### EXERCISE OBJECTIVE:
With pictures left out, output word for word the lines from the one containing "And just like" through the end of the material below.

### INFORMATION SUPPLIED:
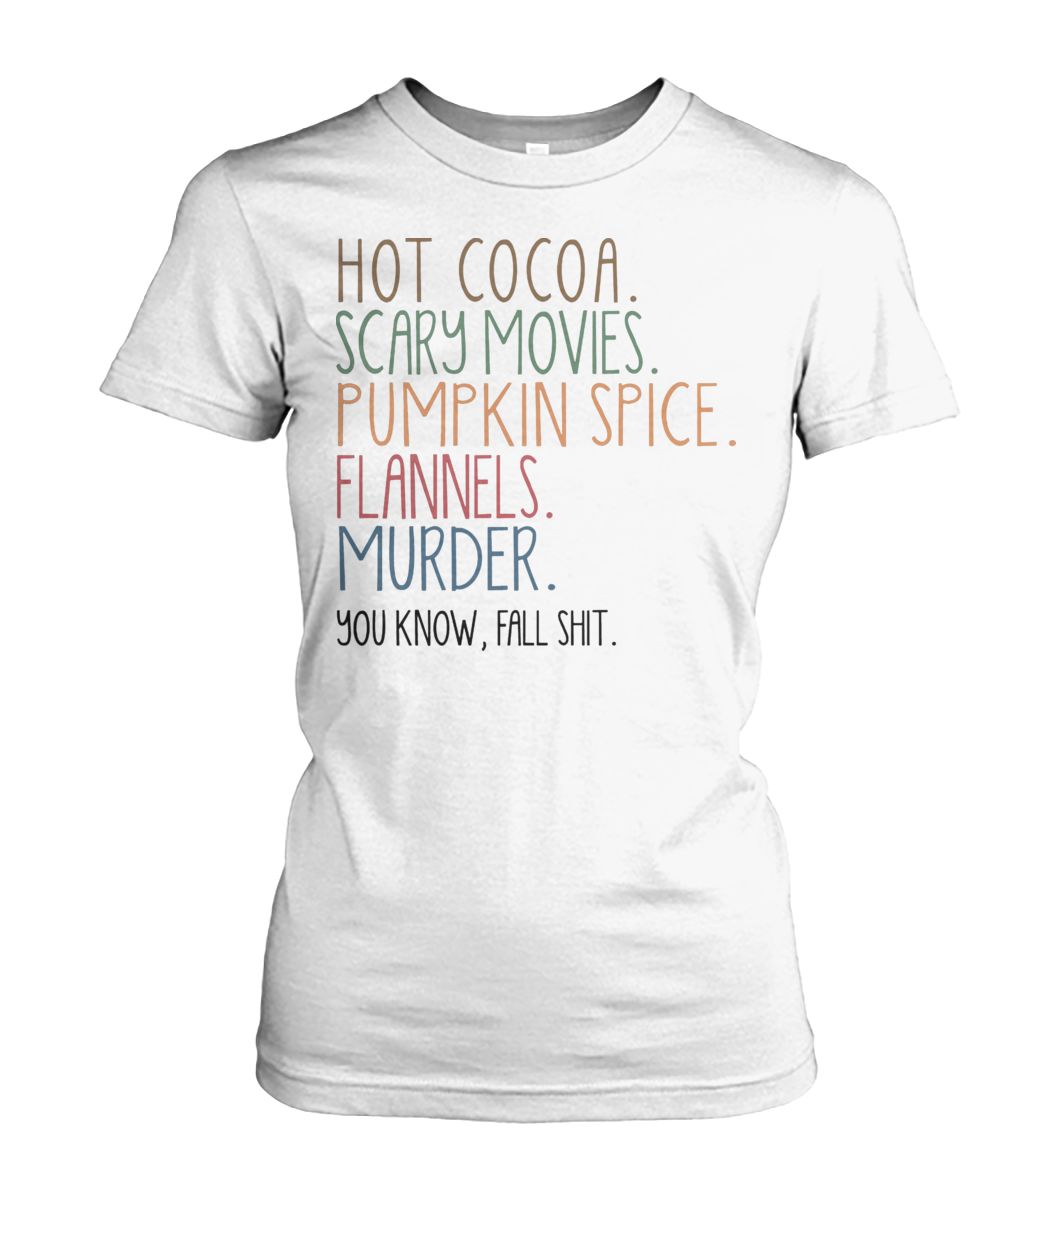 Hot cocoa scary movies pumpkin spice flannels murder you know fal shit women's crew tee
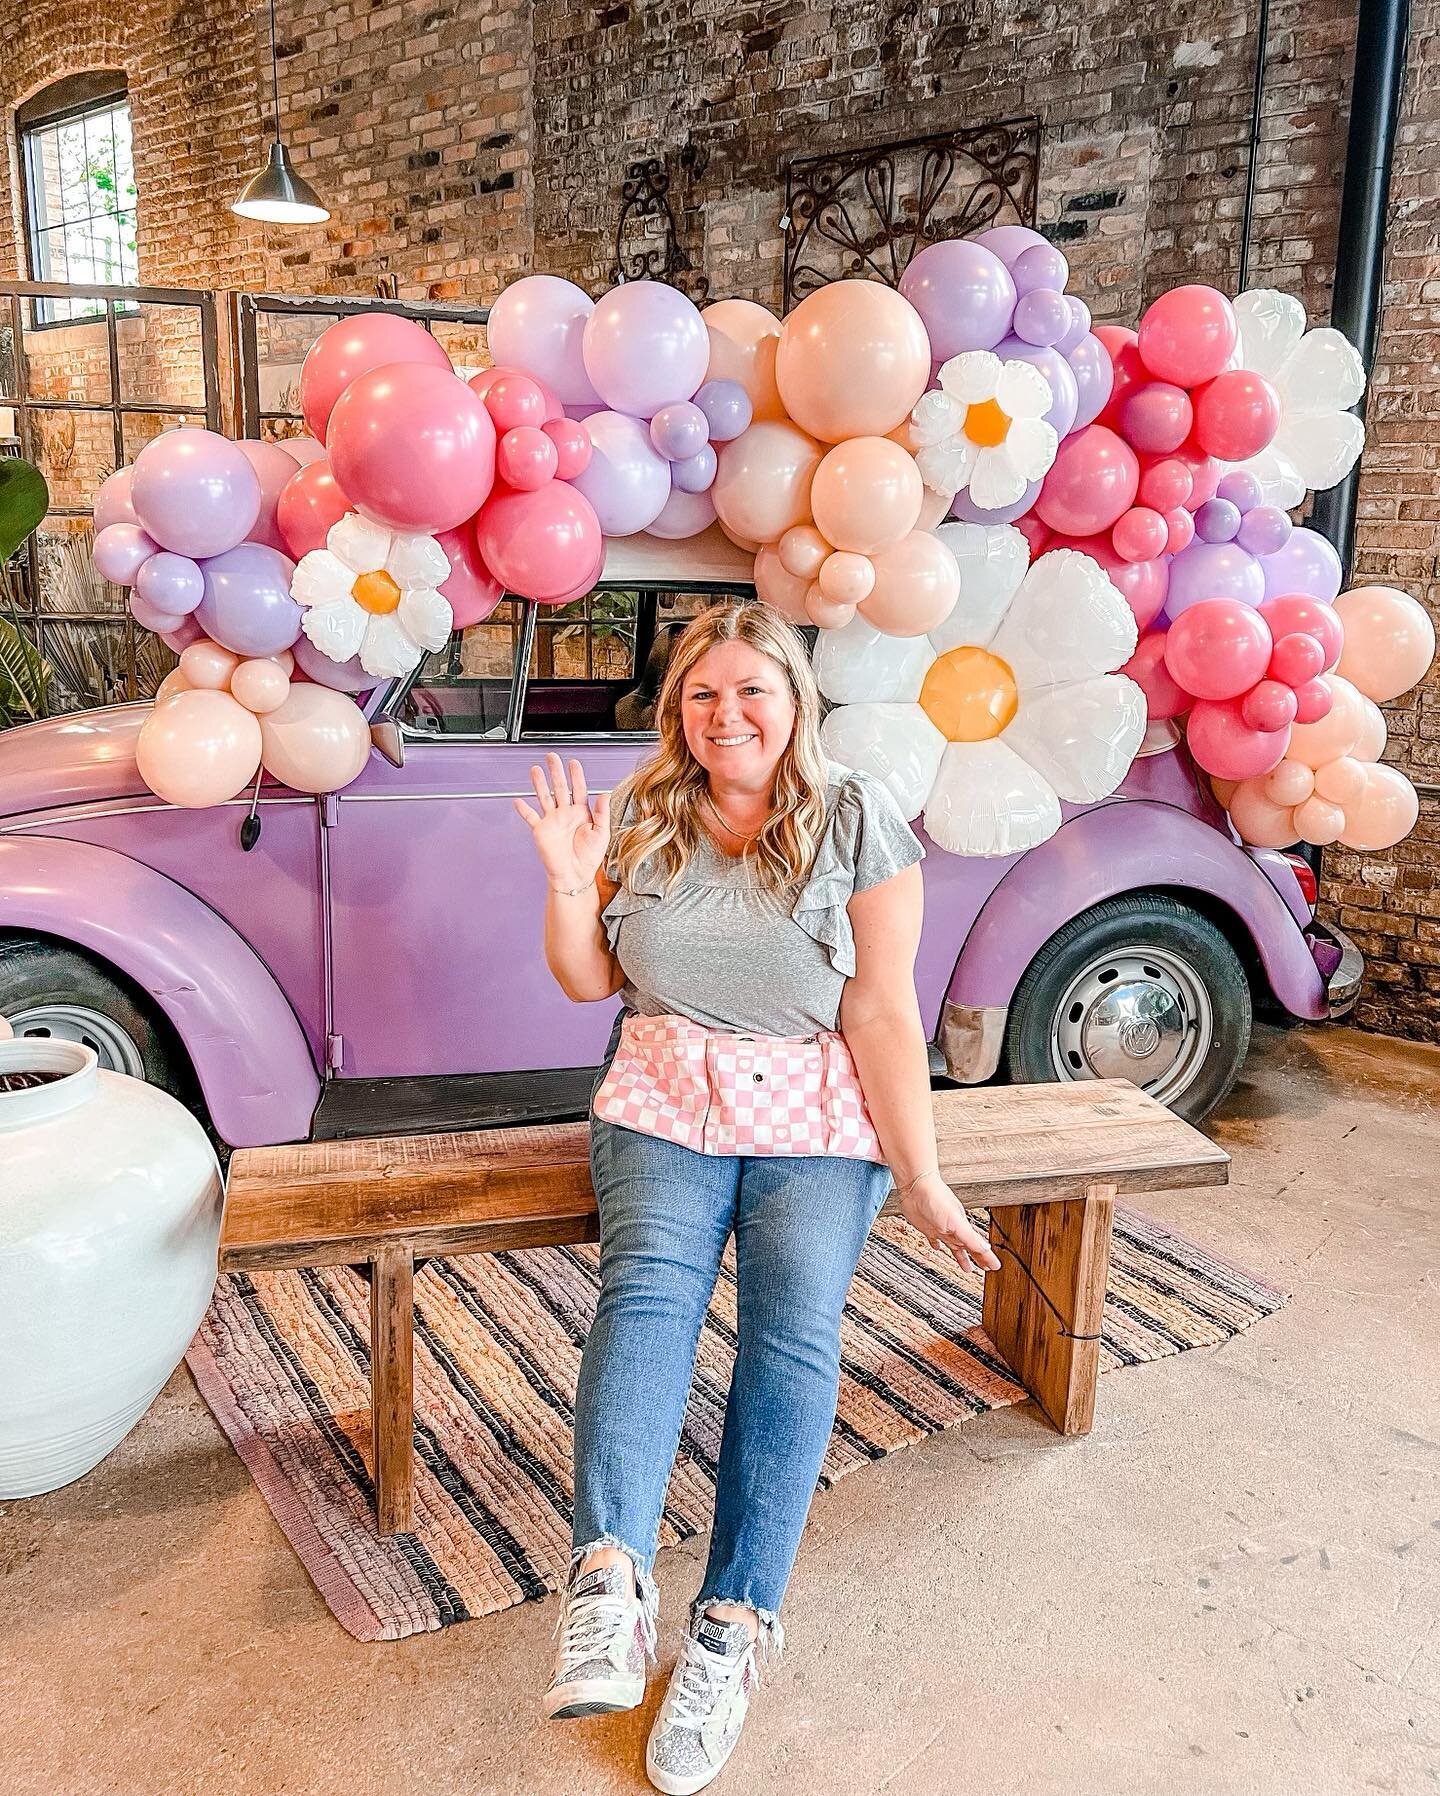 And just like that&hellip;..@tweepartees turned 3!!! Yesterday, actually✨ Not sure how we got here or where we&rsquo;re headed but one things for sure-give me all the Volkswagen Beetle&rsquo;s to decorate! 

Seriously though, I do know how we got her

### OUTPUT OF THE TASK:
 And just like that&hellip;..@tweepartees turned 3!!! Yesterday, actually✨ Not sure how we got here or where we&rsquo;re headed but one things for sure-give me all the Volkswagen Beetle&rsquo;s to decorate! 

Seriously though, I do know how we got her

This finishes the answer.